4.1.3.2 Sample Size Considerations
| Chart Type | Sample Size | What You Count | Example |
|---|---|---|---|
| p-chart | Variable | Proportion defective | 15 defective out of 100 inspected (today), 12 out of 80 (tomorrow) |
| np-chart | Constant | Number defective | 15 defective out of 100 inspected (every day) |
| c-chart | Constant area/time | Total defects | 8 scratches on each 1m² panel |
| u-chart | Variable area/time | Defects per unit | 8 scratches per m² (panels vary in size) |
4.2 p-Charts: Proportion Defective
4.2.1 Understanding p-Charts
The p-chart monitors the proportion (or percentage) of nonconforming units in samples of varying sizes. It’s the most flexible attribute chart because it can handle different sample sizes from period to period.
4.2.1.1 When to Use p-Charts
Perfect for:
- Variable sample sizes: When you can’t inspect the same number of items each time
- Proportion data: When you want percentages rather than counts
- Pass/fail testing: When items are classified as conforming or nonconforming
- Comparison purposes: When different areas have different production volumes
4.2.1.2 The Mathematics of p-Charts
Sample proportion:
\[\begin{equation}
p_i = \frac{\text{Number of nonconforming units in sample i}}{\text{Sample size i}} = \frac{x_i}{n_i}
\tag{4.3}
\end{equation}\]
Center line (average proportion):
\[\begin{equation}
\bar{p} = \frac{\sum_{i=1}^{k} x_i}{\sum_{i=1}^{k} n_i}
\tag{4.4}
\end{equation}\]
Control limits (for sample i):
\[\begin{equation}
UCL_i = \bar{p} + 3\sqrt{\frac{\bar{p}(1-\bar{p})}{n_i}}
\tag{4.5}
\end{equation}\]
\[\begin{equation} LCL_i = \bar{p} - 3\sqrt{\frac{\bar{p}(1-\bar{p})}{n_i}} \tag{4.6} \end{equation}\]
Variable Control Limits
Notice that each sample can have different control limits based on its sample size \(n_i\). Smaller samples have wider limits; larger samples have tighter limits.
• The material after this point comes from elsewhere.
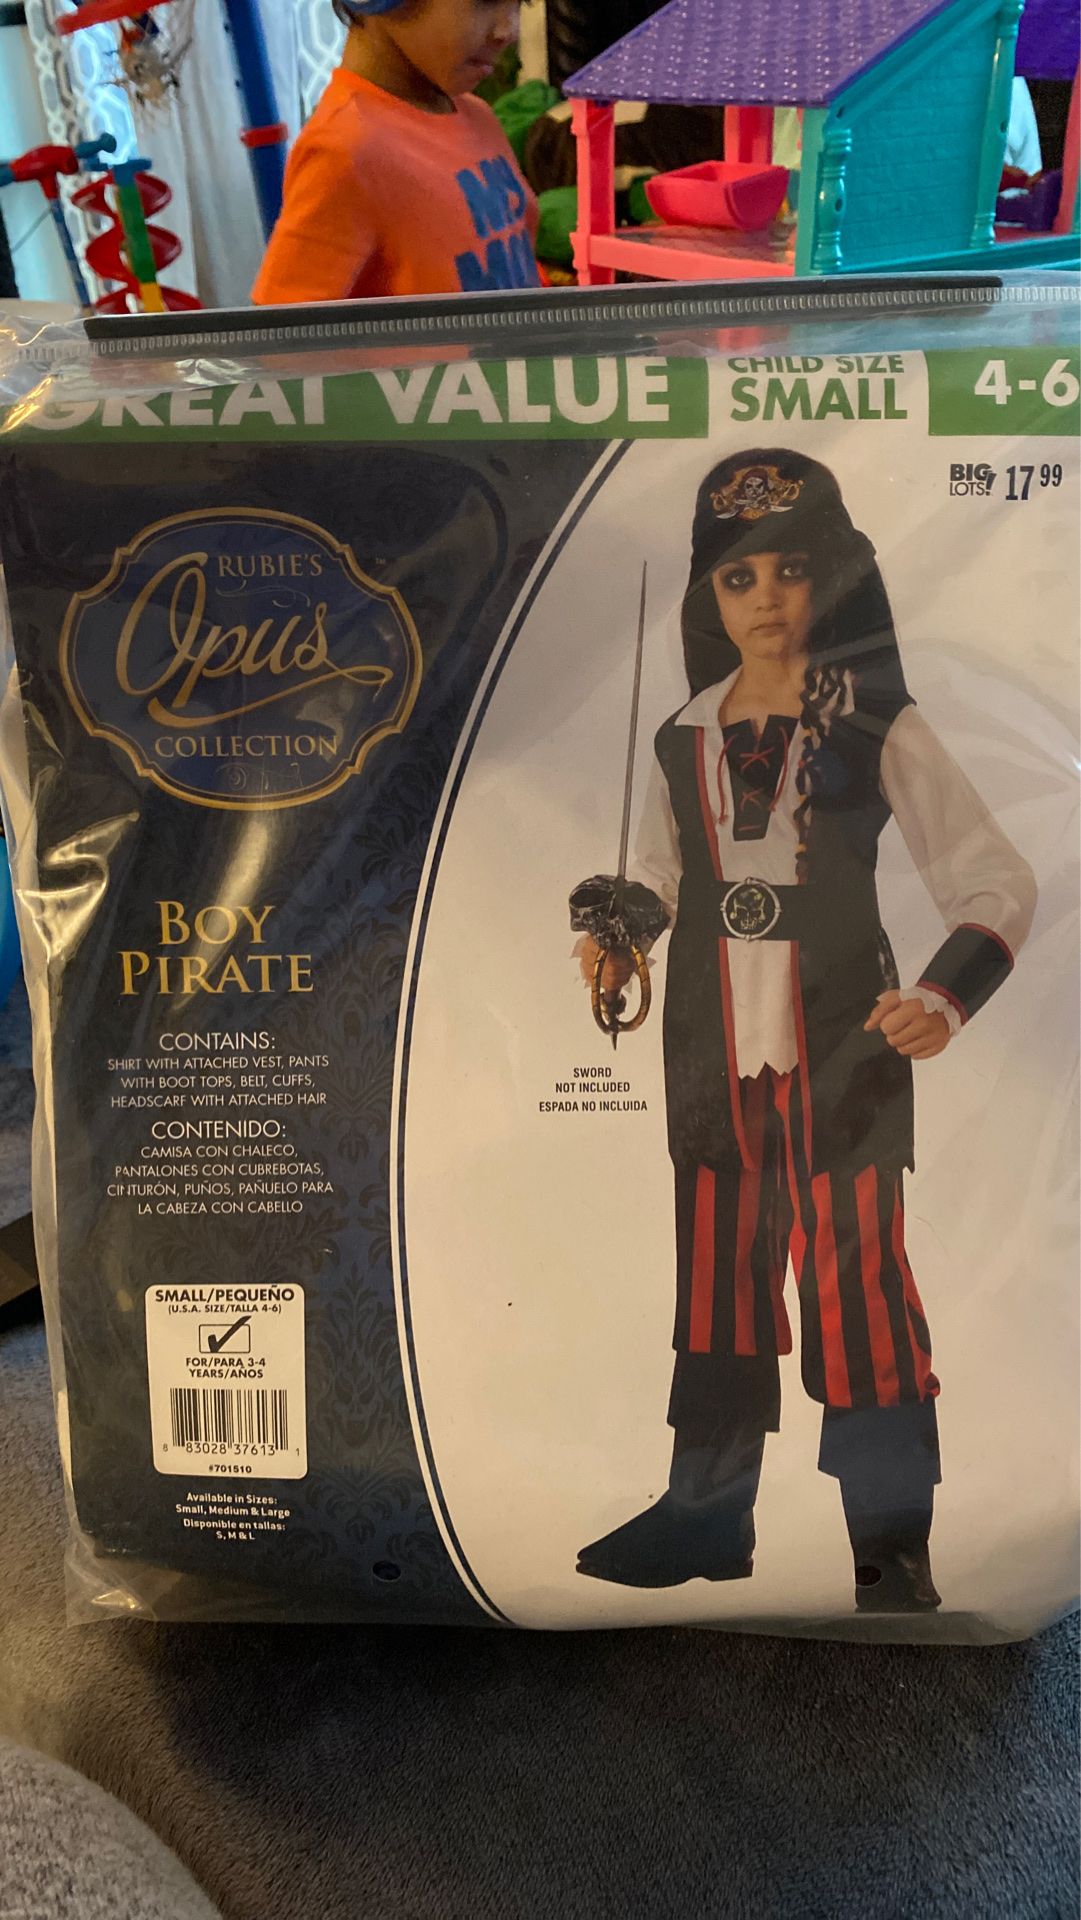 Boy pirate costume

4.2.2 Creating p-Charts in R
Let’s create p-charts using the orange juice data from qcc, which tracks defective cans in production.
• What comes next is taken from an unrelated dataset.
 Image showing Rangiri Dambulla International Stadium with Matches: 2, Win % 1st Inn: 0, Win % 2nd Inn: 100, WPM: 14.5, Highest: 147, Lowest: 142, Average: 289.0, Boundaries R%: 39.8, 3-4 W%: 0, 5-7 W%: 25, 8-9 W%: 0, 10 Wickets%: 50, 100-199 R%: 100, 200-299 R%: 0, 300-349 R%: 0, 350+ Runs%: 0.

4.2.2.1 Step 1: Load and Explore the Data
# Load required packages and data
library(qcc)
data(orangejuice)
# Examine the data structure
head(orangejuice)## sample D size trial
## 1 1 12 50 TRUE
## 2 2 15 50 TRUE
## 3 3 8 50 TRUE
## 4 4 10 50 TRUE
## 5 5 4 50 TRUE
## 6 6 7 50 TRUE
str(orangejuice)## 'data.frame': 54 obs. of 4 variables:
## $ sample: int 1 2 3 4 5 6 7 8 9 10 ...
## $ D : int 12 15 8 10 4 7 16 9 14 10 ...
## $ size : int 50 50 50 50 50 50 50 50 50 50 ...
## $ trial : logi TRUE TRUE TRUE TRUE TRUE TRUE ...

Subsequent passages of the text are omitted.